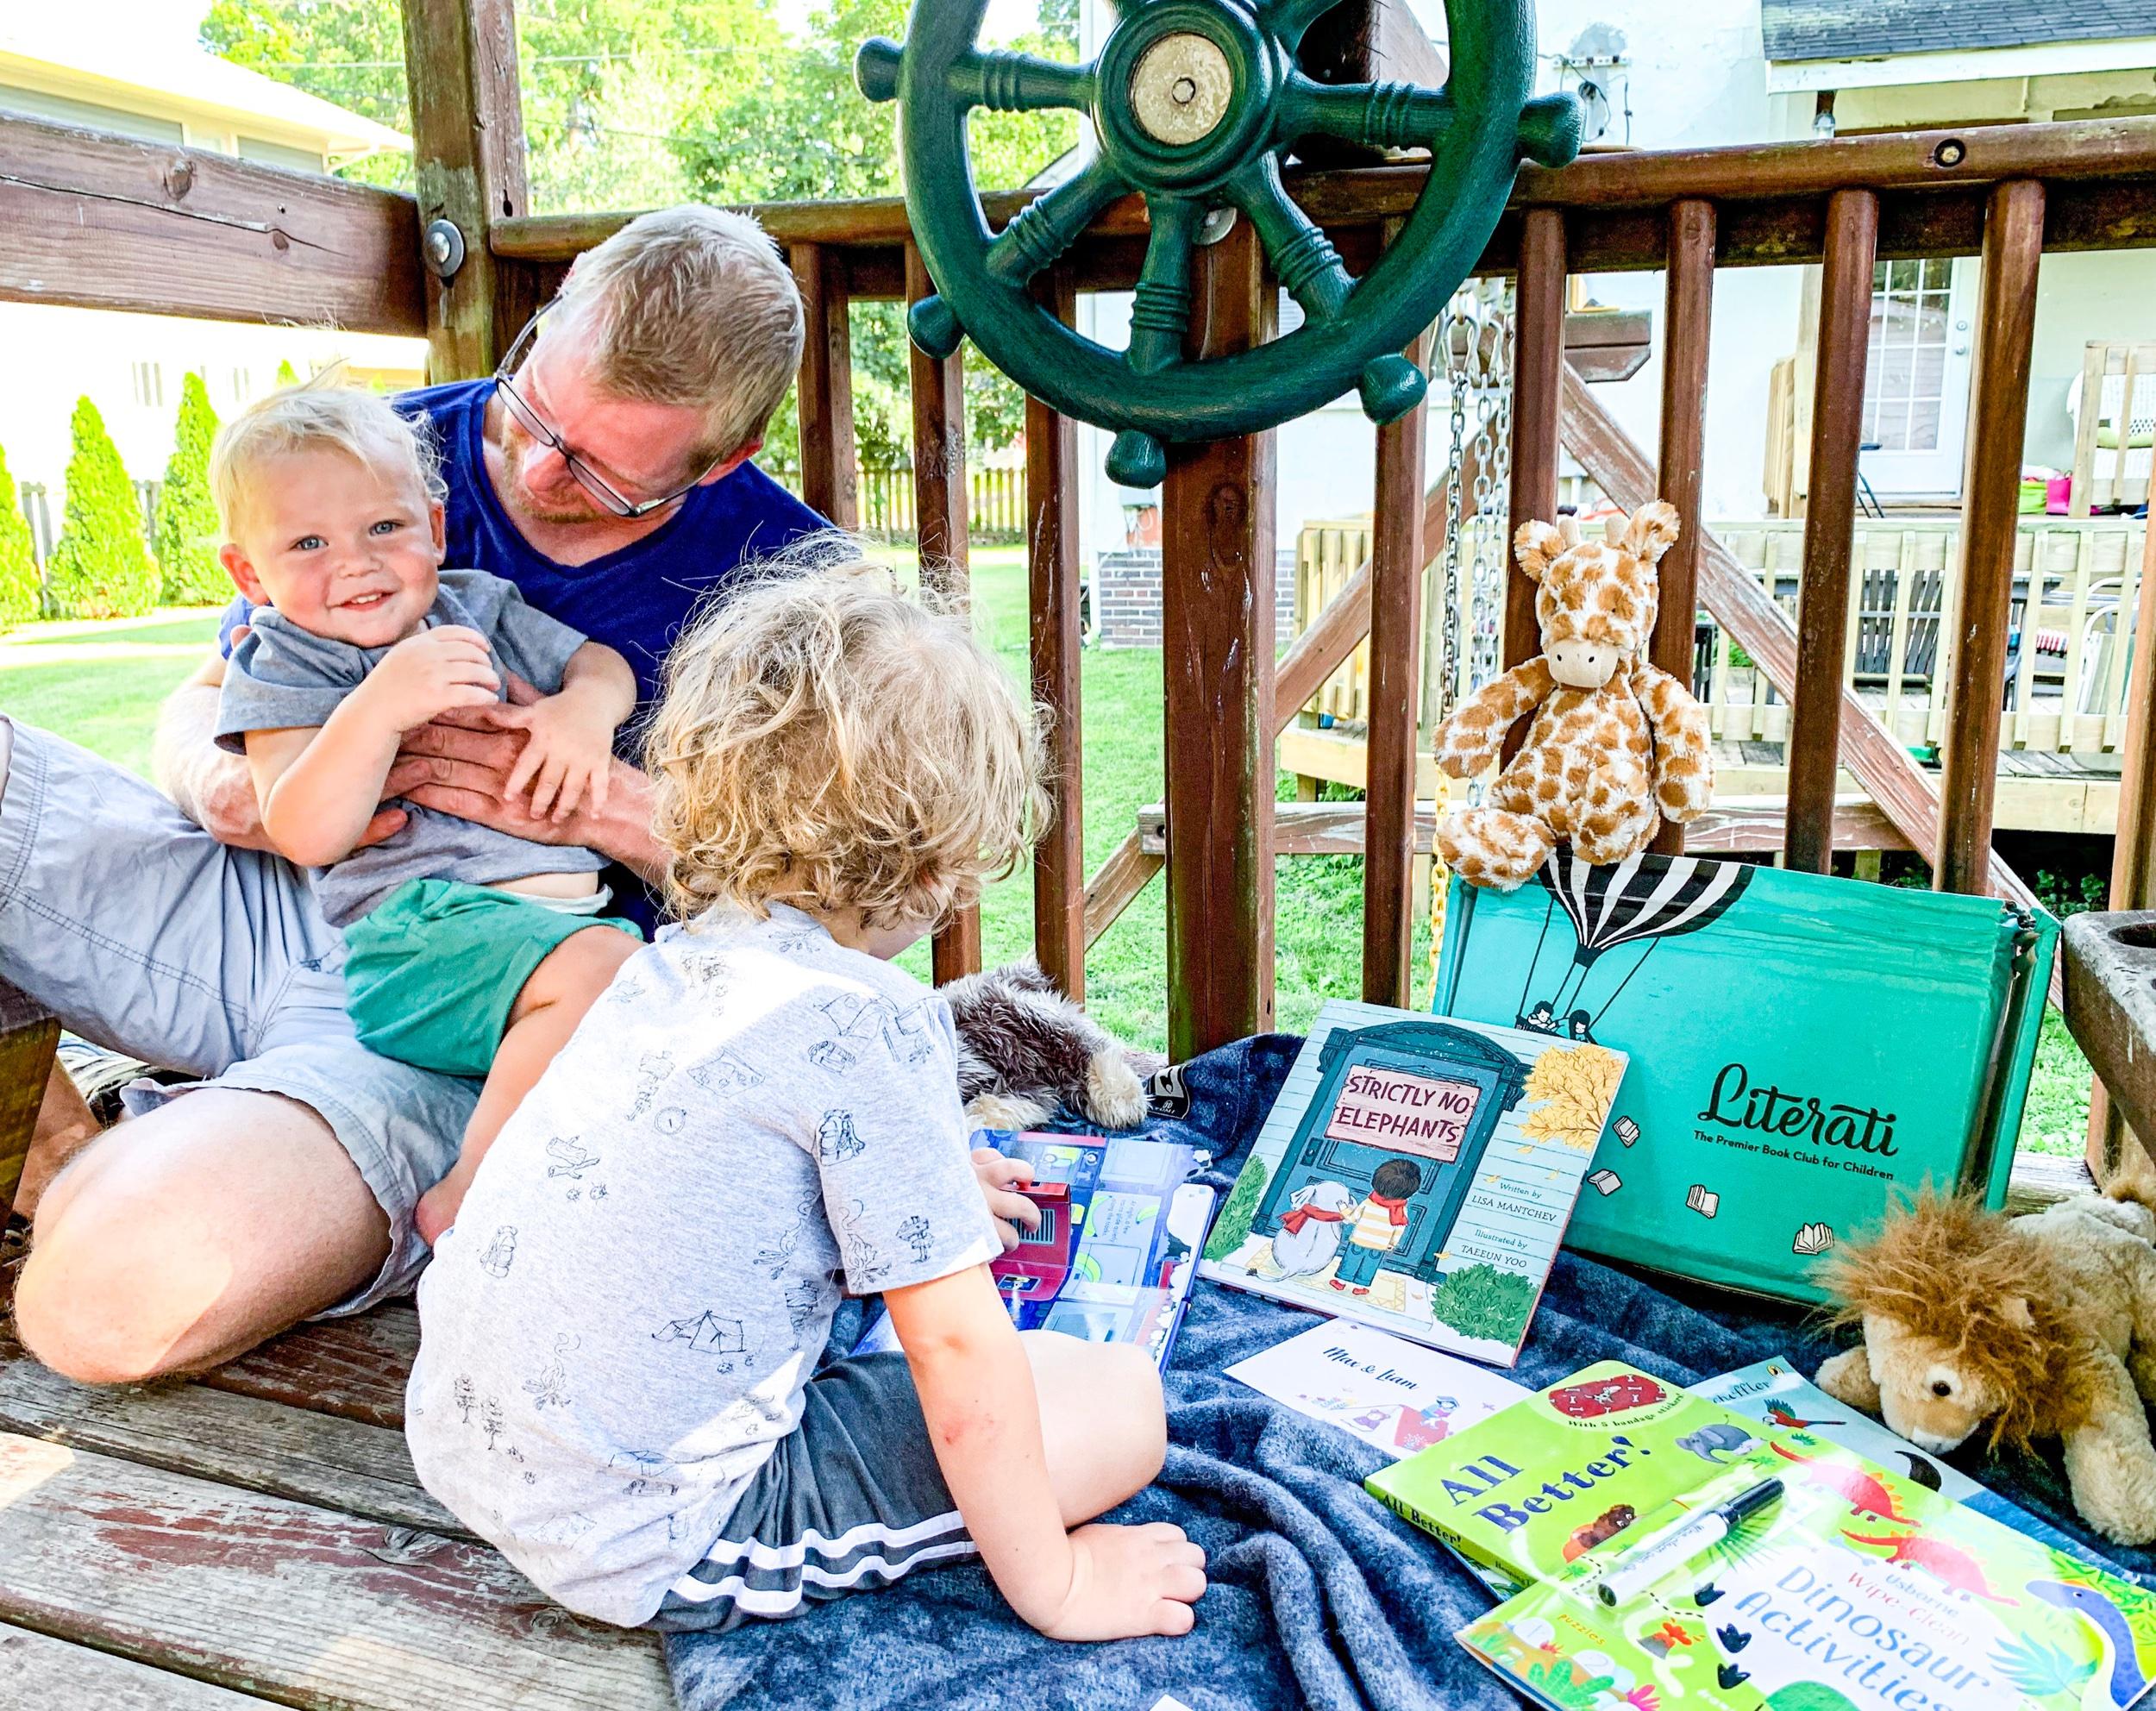 Chris, Max, & Liam exploring our Literati Box
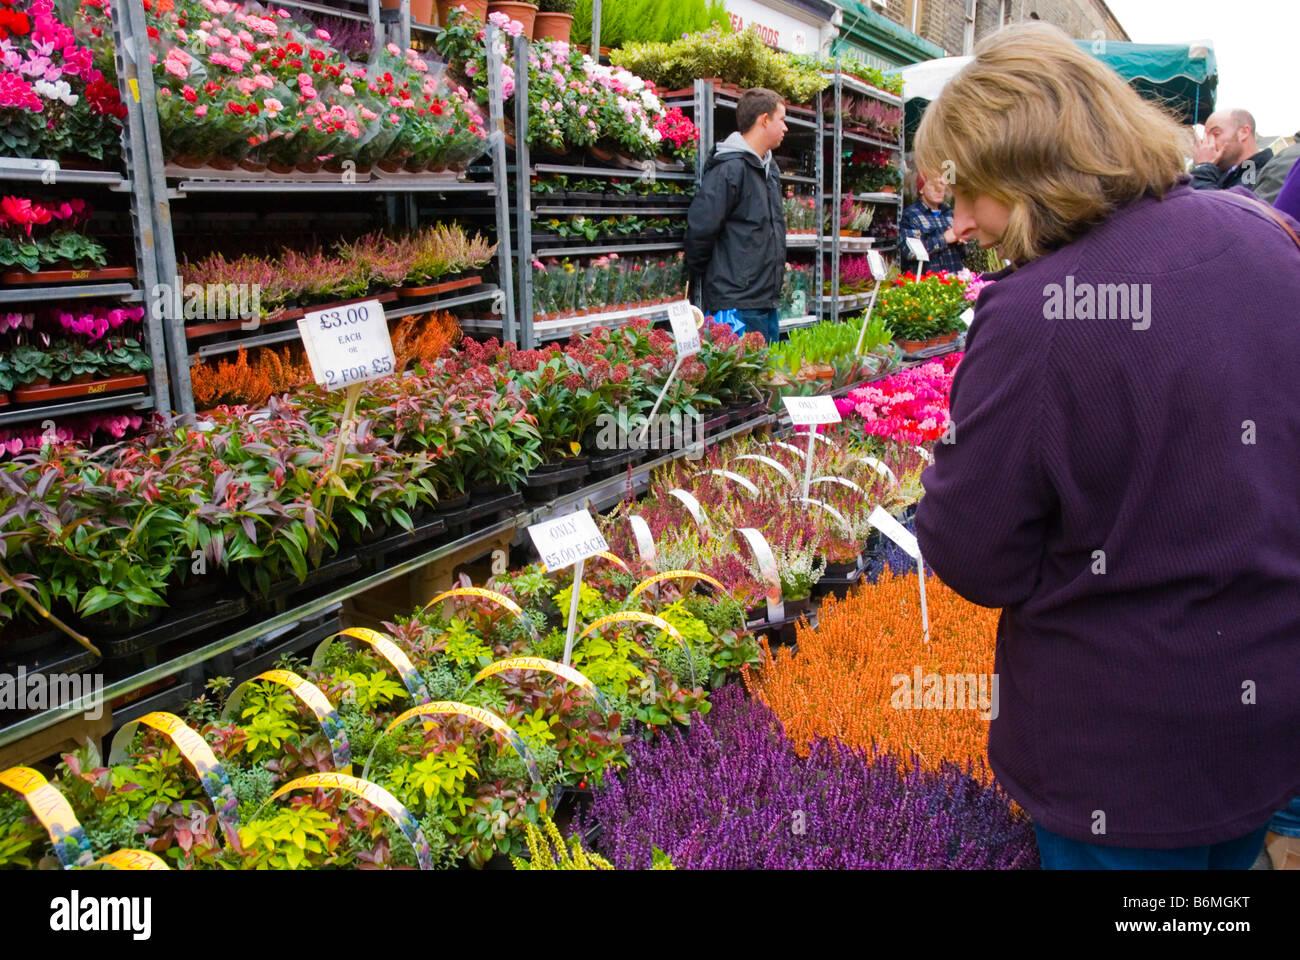 Columbia Road Flower Market au cours de la journée du marché du dimanche dans l'Est de Londres Angleterre Photo Stock
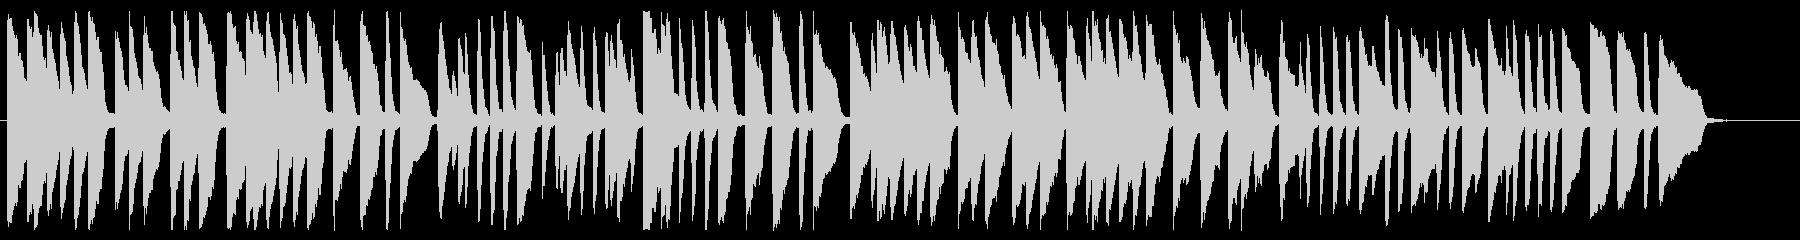 ロンドン橋 ピアノver.の未再生の波形
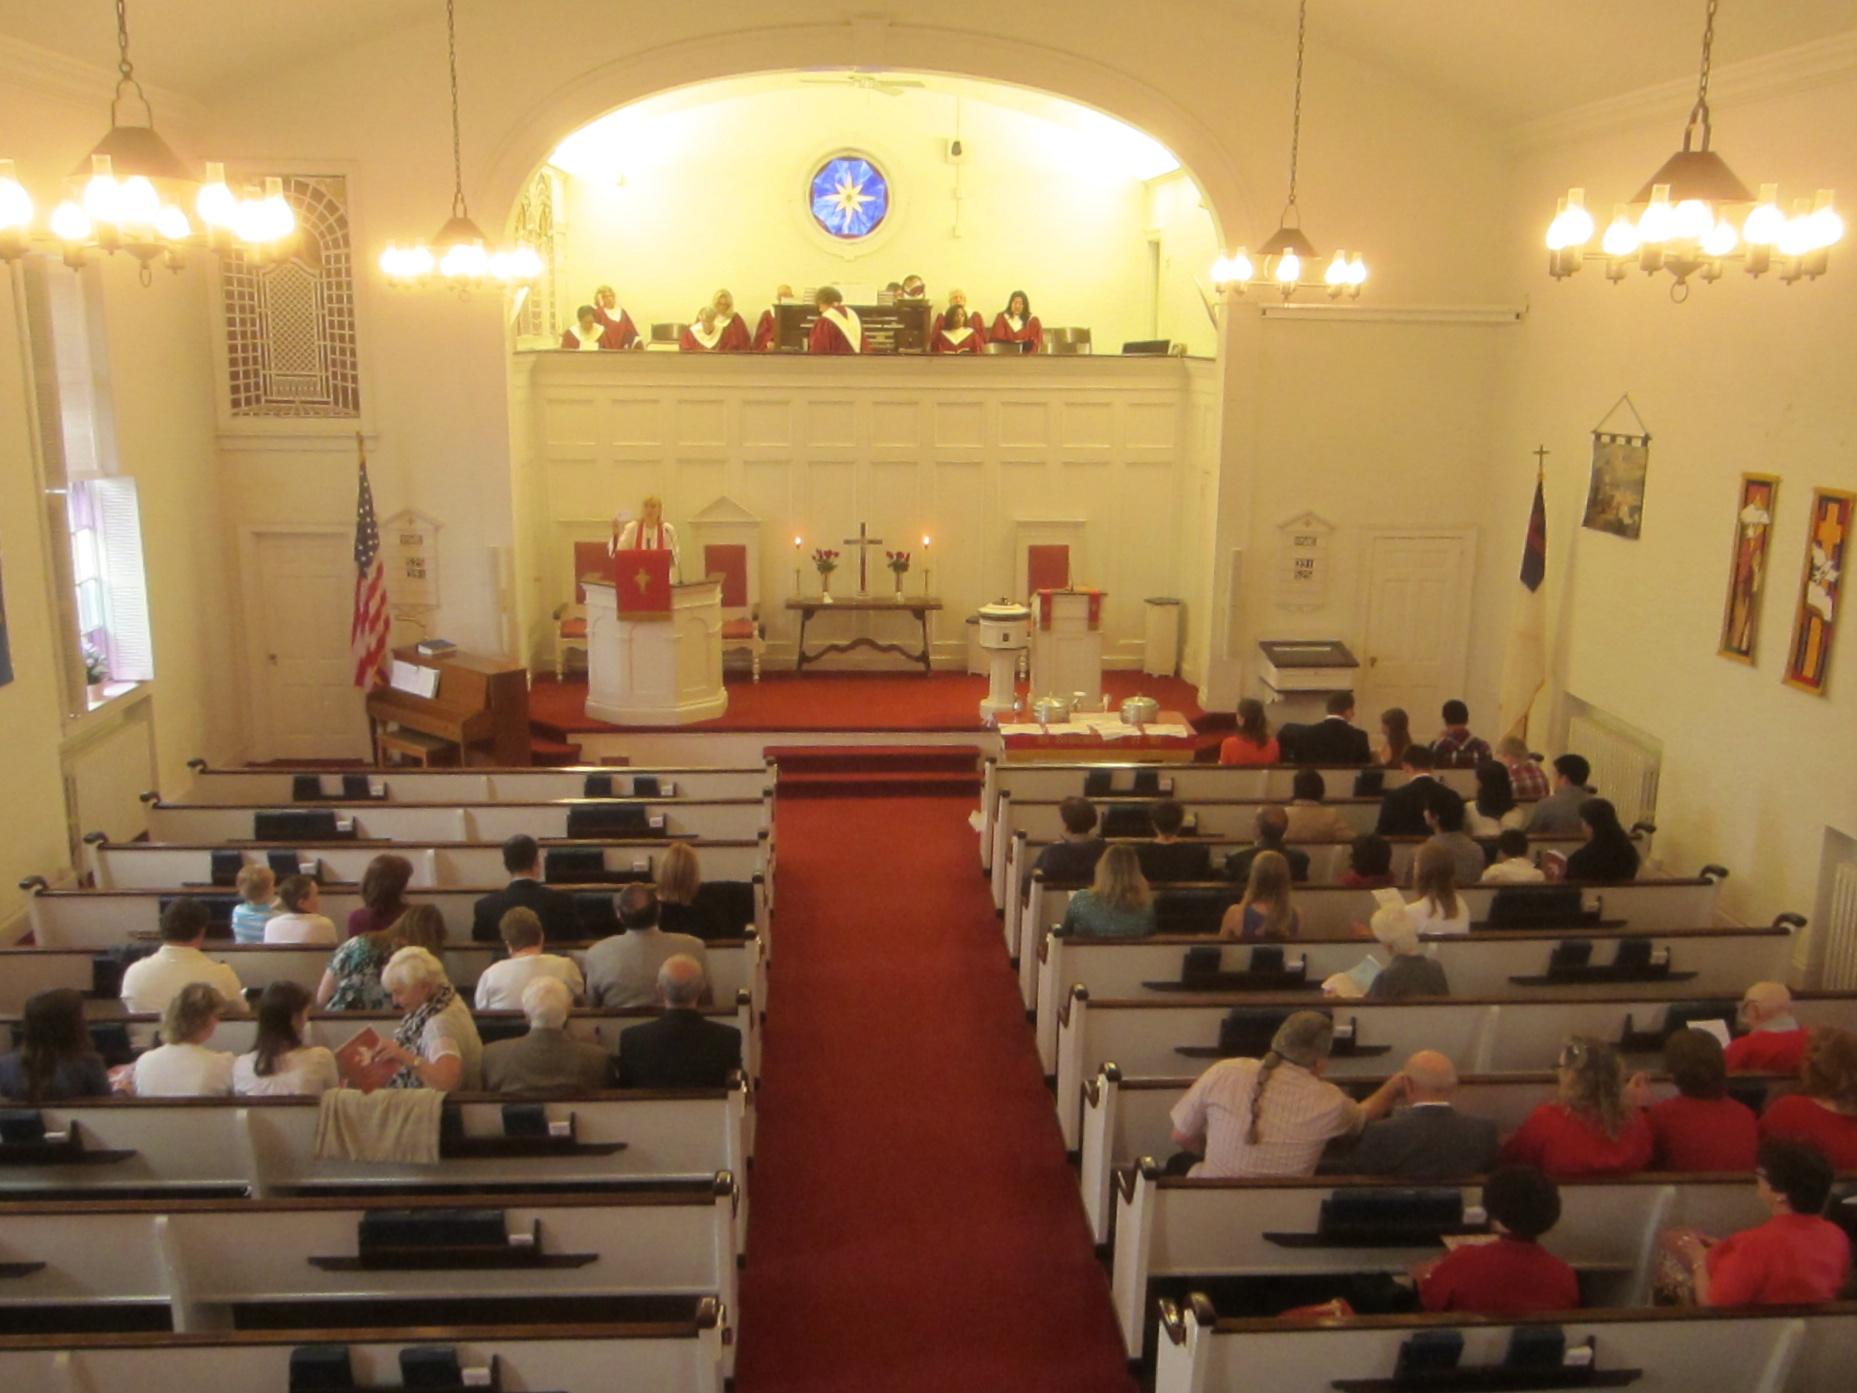 Church, Ministry, Worship Services- Garden City, NY

● ● ● ● ● ● ●

- **TASK**:
Restate the material above word for word, omitting the pictures.

- **PROBLEM SOLUTION**:
 Chris, Max, & Liam exploring our Literati Box
 Columbia Road Flower Market au cours de la journée du marché du dimanche dans l'Est de Londres Angleterre Photo Stock
 ロンドン橋 ピアノver.の未再生の波形
 Church, Ministry, Worship Services- Garden City, NY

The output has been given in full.